No tricks, just treats at the Best Buddies’ Halloween party


A Halloween dance and costume contest combines with service tonight at the Best Buddies’ Halloween Dance Party.

All students are invited to participate in the dance party, and for one BYU student this dance party is the best offered all year.

“They completely let loose, they are the first ones on the dance floor, they don’t care what anyone thinks and they seriously have some great moves,” said Amanda Sumner, a program director for Best Buddies. “It’s just the best time.”

The party is from 6:30-8:30 p.m. BYU Best Buddies is co-sponsoring with the Utah Down’s Syndrome Foundation to put on this activity.

Best Buddies is an international club with the goal to build one-on-one friendships between students and individuals with intellectual or developmental disabilities, said Sarah Esplin, a program director for Best Buddies.

“I’m super excited, it’s one of the most fun activities of the year,” said Anneliese Mecham, a junior studying communication disorders.

Volunteers are encouraged to come dressed in a Halloween costume to participate in a costume contest, dance party, food and games.

“If you’ve never been to a dance with people with disabilities you are seriously missing out,” Sumner said. “These dances are the funnest dances I’ve ever been to.”

BYU Best Buddies hosts activities every month for volunteers to participate in.

“The point of our activity is to give the buddy pairs an opportunity to hang out and to get to know each other better,” Esplin said.

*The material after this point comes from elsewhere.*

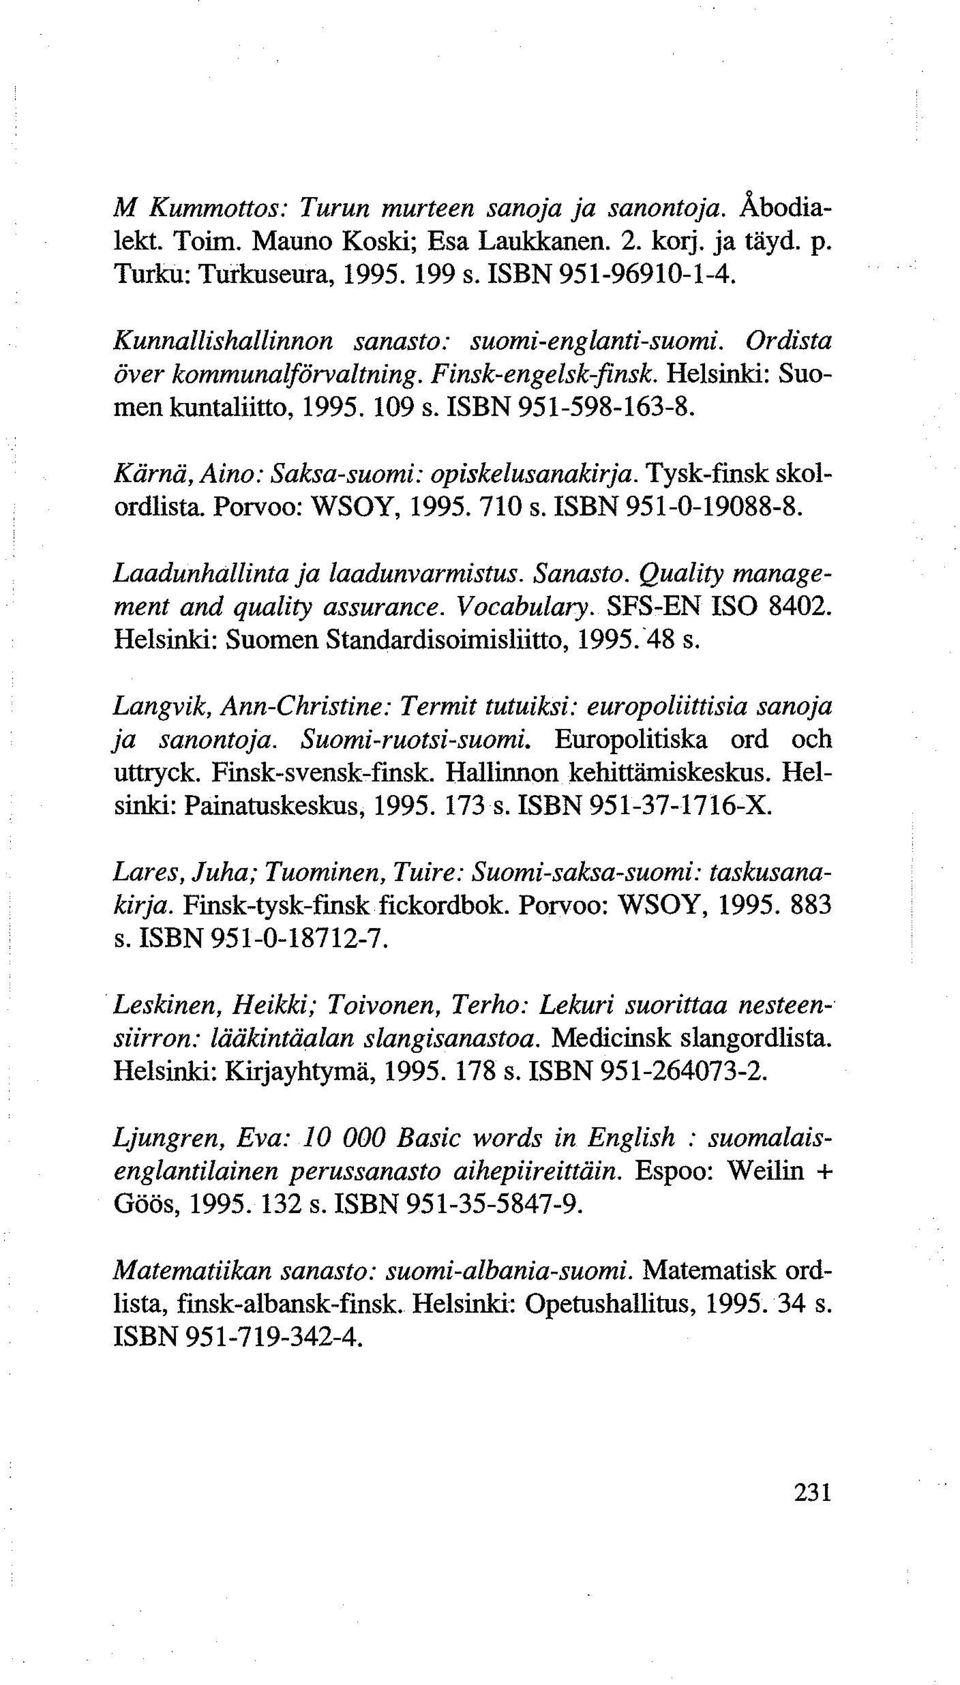 Kiirnii, Aino: Saksa-suomi: opiskelusanakirja. Tysk-finsk skolordlista. Porvoo: WSOY, 1995. 710 s. ISBN 951-0-19088-8. Laadunhallinta ja laadunvarmistus. Sanasto.

There are two levels of volunteers in the Best Buddies program. The first is a college buddy, where students are paired with an individual with disabilities. The second is an associate member, volunteers who participate in activities. Being an associate member allows for students to participate with Best Buddies without a significant time commitment.

College buddies contact their buddy weekly and hang out with them. College buddies are required to hang out with their buddies twice a month; they can call them or email or Facebook other times throughout the month, Esplin said.

“Our goal is to put ourselves out of business,” Esplin said.

The more buddies the program has the more they can serve those with disabilities in the community.

Esplin spoke about her relationships with her buddy, Rebecca.

“We’ve gone to football games, we go to the Hale Center Theater and we’re currently working on a talent,” Esplin said. “We’re going to enter into a national competition.”

The Best Buddies program provides friendships for those with disabilities to build relationships with individuals they wouldn’t otherwise, Esplin said.

“You get to know them really well and it’s really fun to know that you have someone to talk to and to chat with,” Mecham said. “[My buddy] makes other people laugh and she’s just a positive influence, so it’s just really nice to be around her.”

Even though the program requires a time commitment, Esplin and Sumner both said it’s worth the time.

“Being able to take out [my buddy] to the activities, I look forward to it every week,” Sumner said. “It’s the highlight of my week.”

The program is rewarding and well organized, which allows the college buddies to focus on their relationship with their buddy, Sumner said.

“Even after Best Buddies ends I plan on keeping in contact with my buddy forever,” Sumner said.